RECORDS TO USE:
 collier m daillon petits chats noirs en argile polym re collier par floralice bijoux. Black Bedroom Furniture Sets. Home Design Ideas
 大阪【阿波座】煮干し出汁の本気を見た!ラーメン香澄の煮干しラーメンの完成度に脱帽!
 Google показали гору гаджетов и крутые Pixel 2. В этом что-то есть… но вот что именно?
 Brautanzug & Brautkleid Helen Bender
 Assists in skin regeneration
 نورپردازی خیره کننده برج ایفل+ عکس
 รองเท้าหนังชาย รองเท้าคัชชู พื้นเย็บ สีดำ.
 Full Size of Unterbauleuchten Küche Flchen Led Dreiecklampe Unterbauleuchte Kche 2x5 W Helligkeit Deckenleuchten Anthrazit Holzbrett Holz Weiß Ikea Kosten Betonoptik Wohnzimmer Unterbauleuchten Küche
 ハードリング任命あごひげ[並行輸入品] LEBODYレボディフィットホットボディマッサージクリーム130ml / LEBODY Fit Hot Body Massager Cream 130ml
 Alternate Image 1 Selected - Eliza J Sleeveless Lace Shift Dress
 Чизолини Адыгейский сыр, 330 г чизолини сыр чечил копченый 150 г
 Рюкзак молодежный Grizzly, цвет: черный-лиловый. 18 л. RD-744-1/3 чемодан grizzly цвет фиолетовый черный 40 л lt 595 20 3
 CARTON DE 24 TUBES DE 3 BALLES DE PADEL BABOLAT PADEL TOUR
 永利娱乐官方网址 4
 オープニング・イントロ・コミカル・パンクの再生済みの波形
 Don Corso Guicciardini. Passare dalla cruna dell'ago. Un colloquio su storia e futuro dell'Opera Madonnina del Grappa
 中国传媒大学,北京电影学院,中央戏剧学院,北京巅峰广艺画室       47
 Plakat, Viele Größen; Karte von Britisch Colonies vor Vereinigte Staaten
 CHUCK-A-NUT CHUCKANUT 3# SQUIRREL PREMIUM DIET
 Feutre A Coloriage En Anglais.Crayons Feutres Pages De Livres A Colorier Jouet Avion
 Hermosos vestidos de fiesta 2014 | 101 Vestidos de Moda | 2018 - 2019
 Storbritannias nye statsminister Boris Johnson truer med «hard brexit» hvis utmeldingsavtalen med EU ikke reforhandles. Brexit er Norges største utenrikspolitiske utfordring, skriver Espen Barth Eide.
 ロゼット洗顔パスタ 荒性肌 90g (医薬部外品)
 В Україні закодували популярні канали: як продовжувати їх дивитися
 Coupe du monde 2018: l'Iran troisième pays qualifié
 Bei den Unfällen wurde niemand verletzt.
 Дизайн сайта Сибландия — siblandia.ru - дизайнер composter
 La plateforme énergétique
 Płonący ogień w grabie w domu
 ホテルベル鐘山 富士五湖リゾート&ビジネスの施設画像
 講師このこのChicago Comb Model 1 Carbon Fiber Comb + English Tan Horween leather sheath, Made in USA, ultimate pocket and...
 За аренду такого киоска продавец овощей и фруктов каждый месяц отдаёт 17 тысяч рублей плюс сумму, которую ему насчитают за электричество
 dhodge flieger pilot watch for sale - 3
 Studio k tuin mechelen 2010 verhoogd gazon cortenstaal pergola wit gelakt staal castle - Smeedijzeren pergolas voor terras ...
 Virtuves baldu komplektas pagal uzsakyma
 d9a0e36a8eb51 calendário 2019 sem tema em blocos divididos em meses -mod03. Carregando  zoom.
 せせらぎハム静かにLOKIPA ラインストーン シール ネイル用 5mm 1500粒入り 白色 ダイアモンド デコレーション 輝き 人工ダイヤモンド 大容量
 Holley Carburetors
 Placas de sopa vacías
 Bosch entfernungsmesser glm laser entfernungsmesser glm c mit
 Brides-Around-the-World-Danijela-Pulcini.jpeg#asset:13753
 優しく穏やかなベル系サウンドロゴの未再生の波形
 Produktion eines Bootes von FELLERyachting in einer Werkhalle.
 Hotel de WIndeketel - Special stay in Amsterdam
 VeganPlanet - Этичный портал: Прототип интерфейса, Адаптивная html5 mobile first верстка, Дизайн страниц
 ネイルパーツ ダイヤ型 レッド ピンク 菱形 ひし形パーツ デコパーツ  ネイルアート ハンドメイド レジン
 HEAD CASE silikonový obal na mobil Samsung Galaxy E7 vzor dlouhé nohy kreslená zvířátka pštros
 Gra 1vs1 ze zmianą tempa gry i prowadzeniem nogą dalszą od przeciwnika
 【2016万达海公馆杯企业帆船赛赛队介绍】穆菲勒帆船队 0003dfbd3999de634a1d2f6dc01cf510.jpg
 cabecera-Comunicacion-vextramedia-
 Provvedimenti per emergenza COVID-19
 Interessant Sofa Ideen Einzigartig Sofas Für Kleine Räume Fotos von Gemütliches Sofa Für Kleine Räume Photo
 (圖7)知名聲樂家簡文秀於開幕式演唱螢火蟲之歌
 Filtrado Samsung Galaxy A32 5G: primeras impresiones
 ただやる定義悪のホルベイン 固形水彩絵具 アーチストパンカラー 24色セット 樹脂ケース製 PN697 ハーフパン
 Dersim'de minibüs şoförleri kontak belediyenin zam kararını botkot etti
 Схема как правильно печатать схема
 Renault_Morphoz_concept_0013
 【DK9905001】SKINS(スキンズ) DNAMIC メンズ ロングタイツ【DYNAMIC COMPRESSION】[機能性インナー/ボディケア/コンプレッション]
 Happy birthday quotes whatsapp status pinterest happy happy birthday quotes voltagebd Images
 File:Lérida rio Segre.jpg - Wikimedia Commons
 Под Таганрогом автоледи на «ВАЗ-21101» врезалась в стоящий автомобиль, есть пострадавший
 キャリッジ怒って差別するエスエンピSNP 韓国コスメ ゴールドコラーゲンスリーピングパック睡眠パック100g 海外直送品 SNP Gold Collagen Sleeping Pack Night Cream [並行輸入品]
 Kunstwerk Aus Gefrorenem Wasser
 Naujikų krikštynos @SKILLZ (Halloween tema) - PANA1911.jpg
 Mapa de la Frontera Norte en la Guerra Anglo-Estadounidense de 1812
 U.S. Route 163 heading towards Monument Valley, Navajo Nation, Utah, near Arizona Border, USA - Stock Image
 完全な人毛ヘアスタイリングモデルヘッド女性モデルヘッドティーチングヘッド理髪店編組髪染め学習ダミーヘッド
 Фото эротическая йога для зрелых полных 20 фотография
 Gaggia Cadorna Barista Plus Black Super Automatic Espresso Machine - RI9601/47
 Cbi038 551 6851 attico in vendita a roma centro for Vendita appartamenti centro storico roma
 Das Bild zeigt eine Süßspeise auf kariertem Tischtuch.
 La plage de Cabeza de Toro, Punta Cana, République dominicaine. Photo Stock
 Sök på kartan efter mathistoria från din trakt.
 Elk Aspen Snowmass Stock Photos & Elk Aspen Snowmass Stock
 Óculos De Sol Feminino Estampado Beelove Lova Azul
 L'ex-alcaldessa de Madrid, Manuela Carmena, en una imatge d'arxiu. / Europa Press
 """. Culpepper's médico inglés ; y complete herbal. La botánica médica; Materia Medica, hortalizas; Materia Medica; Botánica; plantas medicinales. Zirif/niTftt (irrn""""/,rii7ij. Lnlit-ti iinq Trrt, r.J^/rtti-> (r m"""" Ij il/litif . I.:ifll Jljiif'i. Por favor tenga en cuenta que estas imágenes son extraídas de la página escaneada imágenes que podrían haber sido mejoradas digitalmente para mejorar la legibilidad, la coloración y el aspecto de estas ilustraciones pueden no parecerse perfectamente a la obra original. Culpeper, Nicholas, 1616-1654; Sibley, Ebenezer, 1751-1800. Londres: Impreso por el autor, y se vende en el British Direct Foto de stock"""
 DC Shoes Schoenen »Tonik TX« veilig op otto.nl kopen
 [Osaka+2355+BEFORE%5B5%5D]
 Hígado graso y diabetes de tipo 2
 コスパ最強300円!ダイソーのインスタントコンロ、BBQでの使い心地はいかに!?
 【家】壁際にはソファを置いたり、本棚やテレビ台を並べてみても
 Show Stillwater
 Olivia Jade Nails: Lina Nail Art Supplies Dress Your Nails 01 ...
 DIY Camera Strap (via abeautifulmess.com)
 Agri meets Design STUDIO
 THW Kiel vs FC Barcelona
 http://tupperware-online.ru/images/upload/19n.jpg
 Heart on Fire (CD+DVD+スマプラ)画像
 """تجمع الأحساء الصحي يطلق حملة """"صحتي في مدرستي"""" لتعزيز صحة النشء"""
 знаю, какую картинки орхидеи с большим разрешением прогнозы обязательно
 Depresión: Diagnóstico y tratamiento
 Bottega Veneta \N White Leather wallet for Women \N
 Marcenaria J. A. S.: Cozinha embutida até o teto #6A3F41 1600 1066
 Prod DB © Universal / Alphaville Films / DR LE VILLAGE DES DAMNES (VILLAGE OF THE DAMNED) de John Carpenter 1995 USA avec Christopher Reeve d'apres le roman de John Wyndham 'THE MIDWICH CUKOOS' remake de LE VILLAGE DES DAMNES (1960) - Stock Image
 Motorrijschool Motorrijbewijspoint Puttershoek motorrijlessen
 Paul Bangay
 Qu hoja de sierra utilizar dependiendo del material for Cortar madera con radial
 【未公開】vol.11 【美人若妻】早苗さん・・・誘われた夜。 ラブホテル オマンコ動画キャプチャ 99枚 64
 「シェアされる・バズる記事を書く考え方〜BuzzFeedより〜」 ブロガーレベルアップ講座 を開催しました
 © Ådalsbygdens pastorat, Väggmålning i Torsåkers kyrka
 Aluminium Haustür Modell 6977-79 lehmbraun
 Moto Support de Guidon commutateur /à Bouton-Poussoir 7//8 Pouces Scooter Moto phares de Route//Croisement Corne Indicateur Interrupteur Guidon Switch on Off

EXERCISE GOAL: All lines from the listing above that include "Samsung" should be shown.

TASK ANSWER:
 HEAD CASE silikonový obal na mobil Samsung Galaxy E7 vzor dlouhé nohy kreslená zvířátka pštros
 Filtrado Samsung Galaxy A32 5G: primeras impresiones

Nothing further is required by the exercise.